(DATASET EXCERPT)
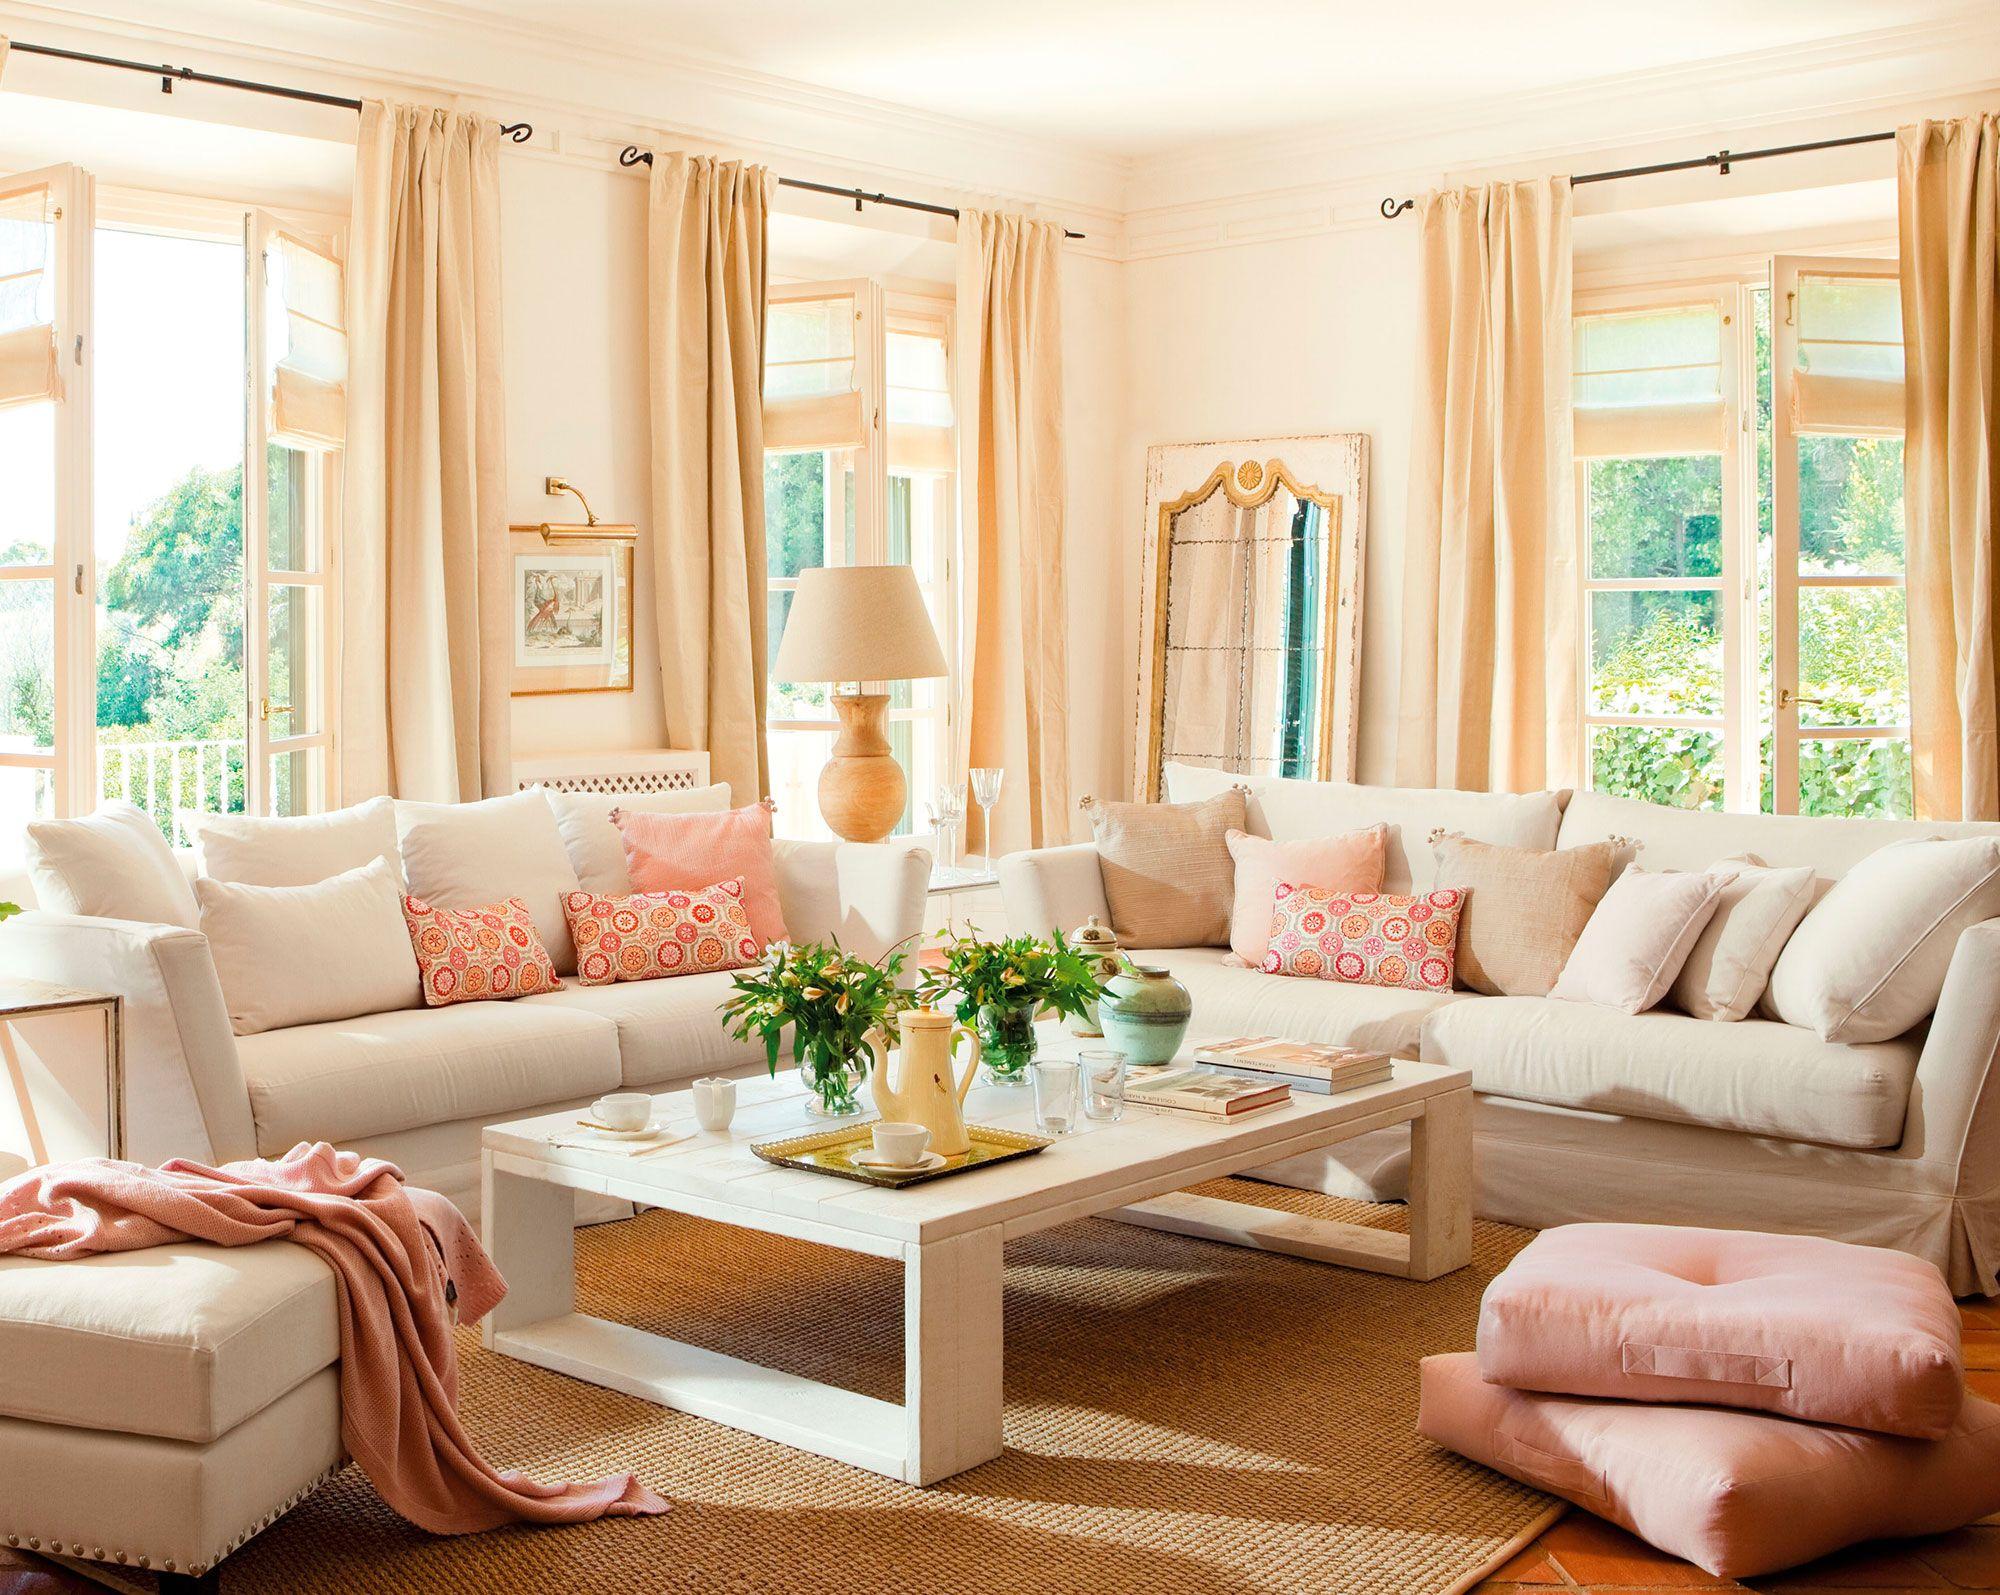 Rosa en clave femenina salas acogedoras salones for Decoracion de casas acogedoras
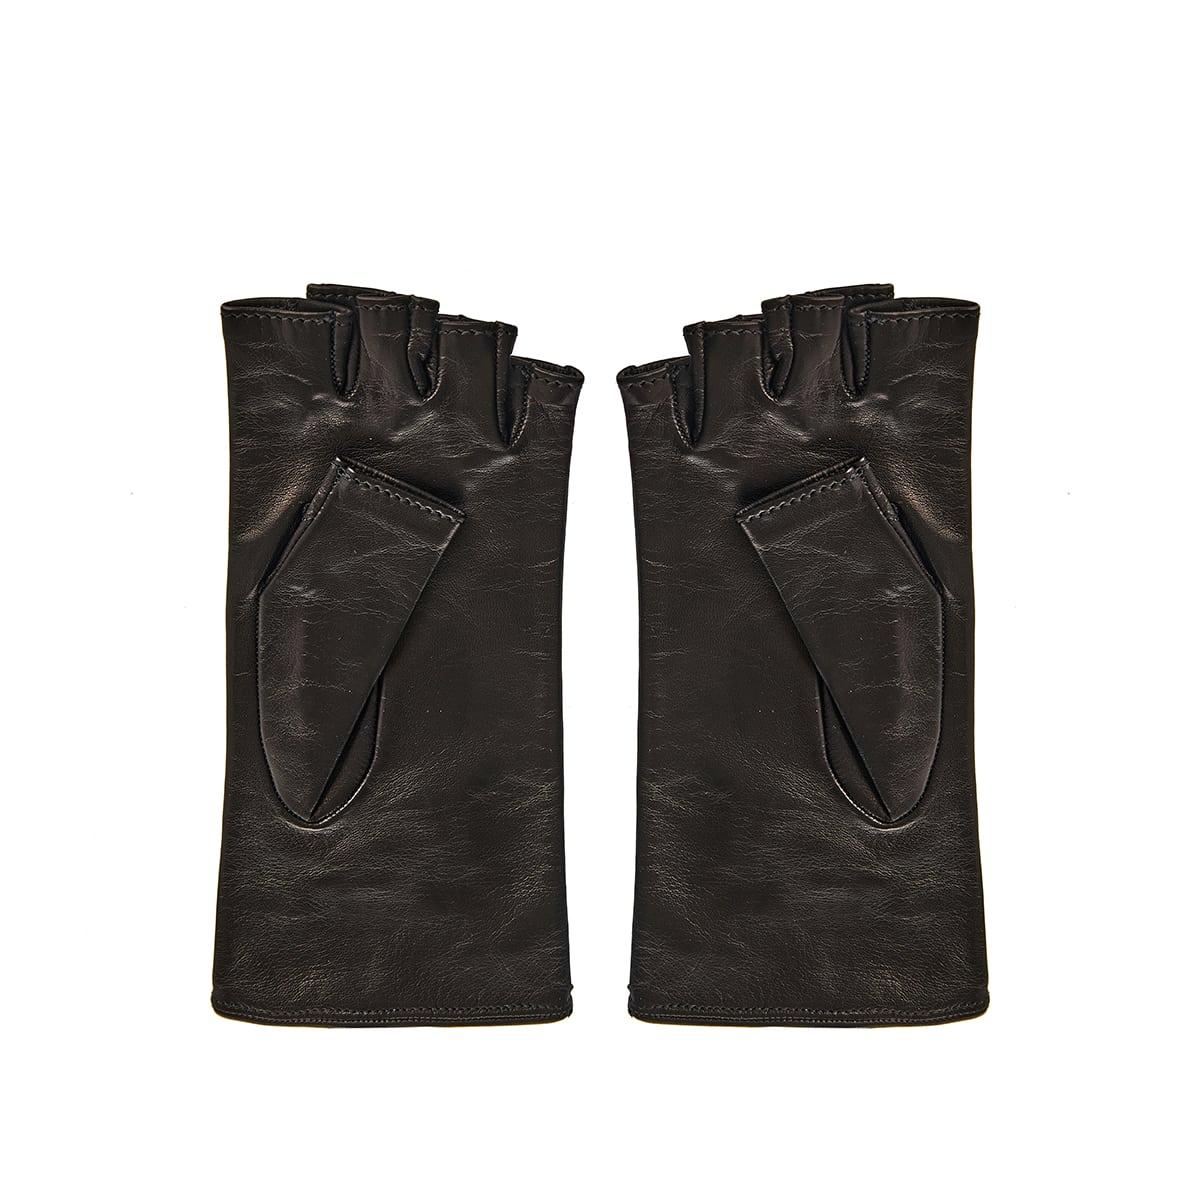 DG fingerless leather gloves
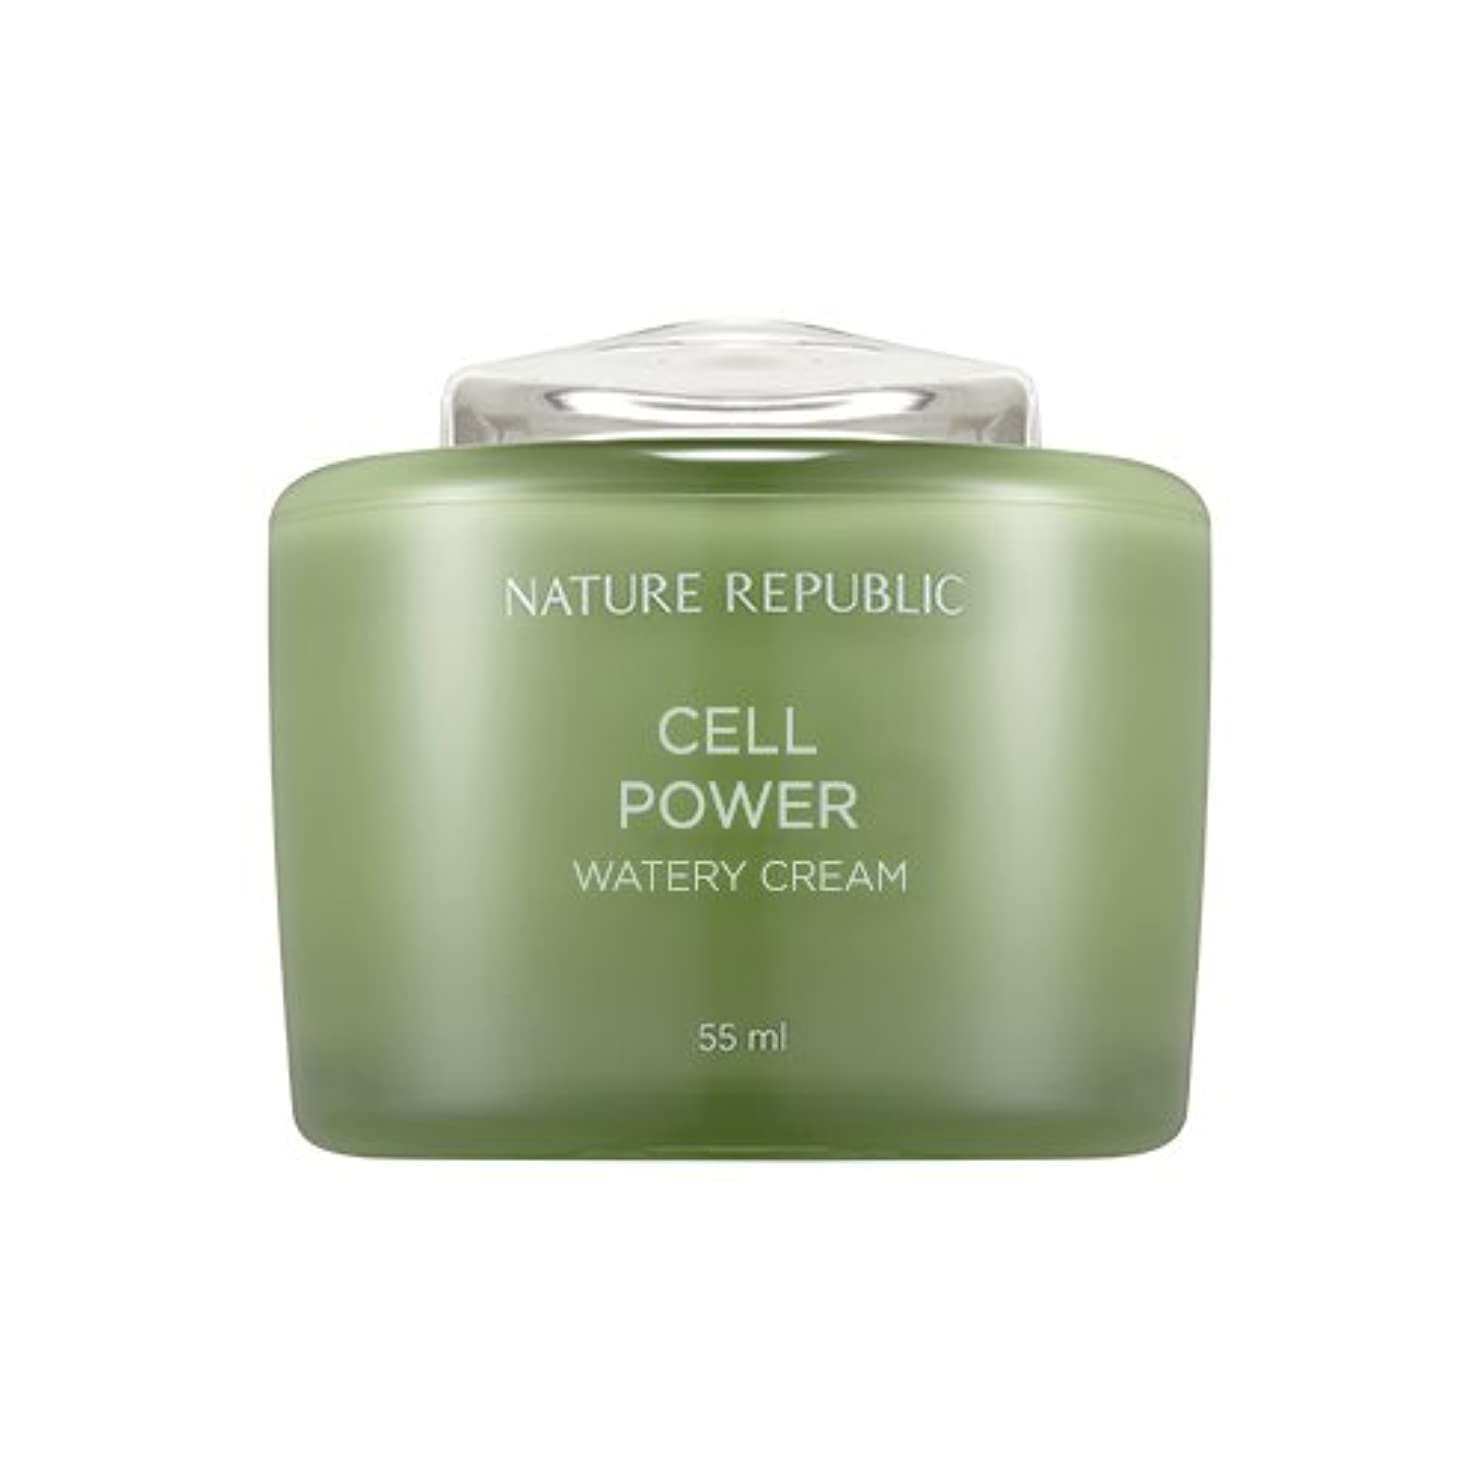 魔術呼吸待ってNature Republic Cell Boosting Watery Cream 55ml / ネイチャーリパブリックセルブースティングウォーターリークリーム 55ml [並行輸入品]
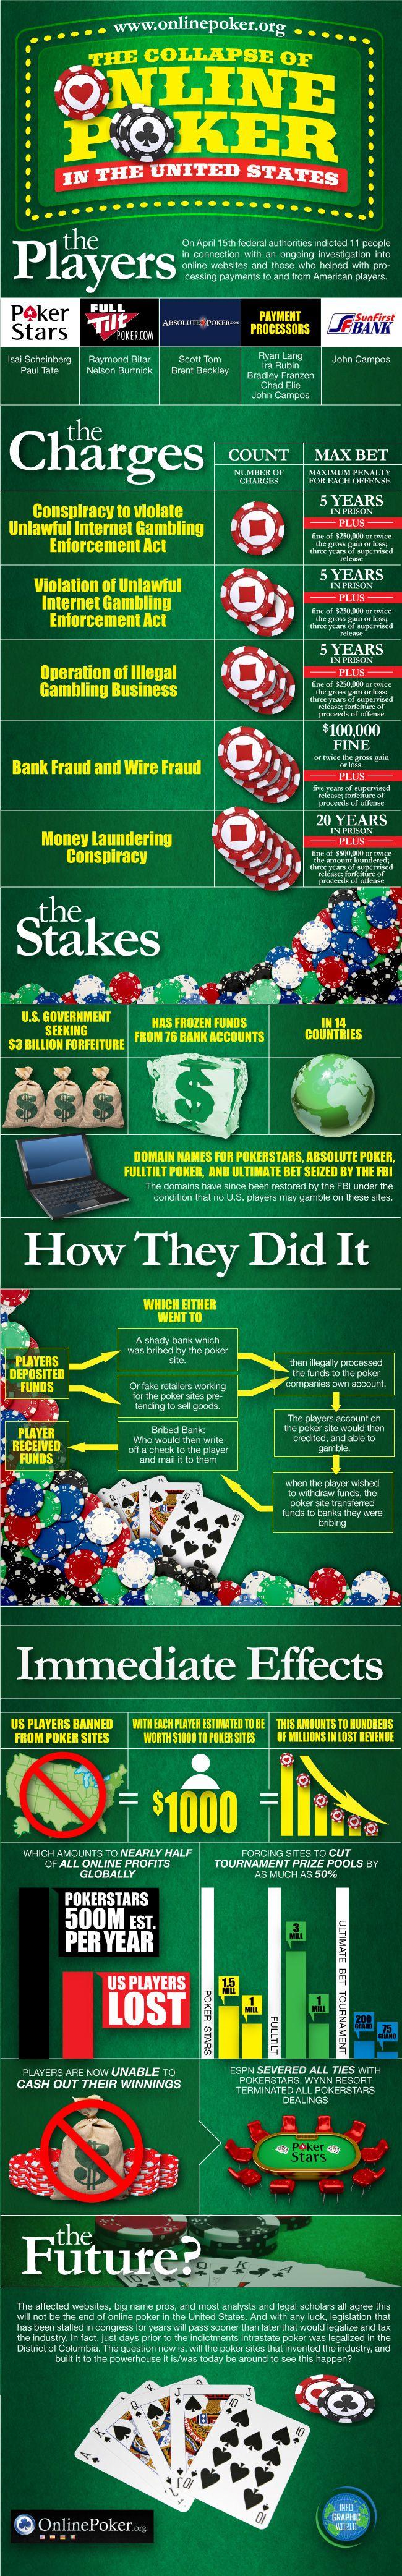 The Collapse of Online Poker Online poker, Poker, Poker

(PROBLEM)
Copy the lines exactly. Start at the line with "魔術呼吸待ってNature Republic Cell", end at the last line above, include both, and omit all pictures.

(PROBLEM SOLUTION)
 魔術呼吸待ってNature Republic Cell Boosting Watery Cream 55ml / ネイチャーリパブリックセルブースティングウォーターリークリーム 55ml [並行輸入品]
 The Collapse of Online Poker Online poker, Poker, Poker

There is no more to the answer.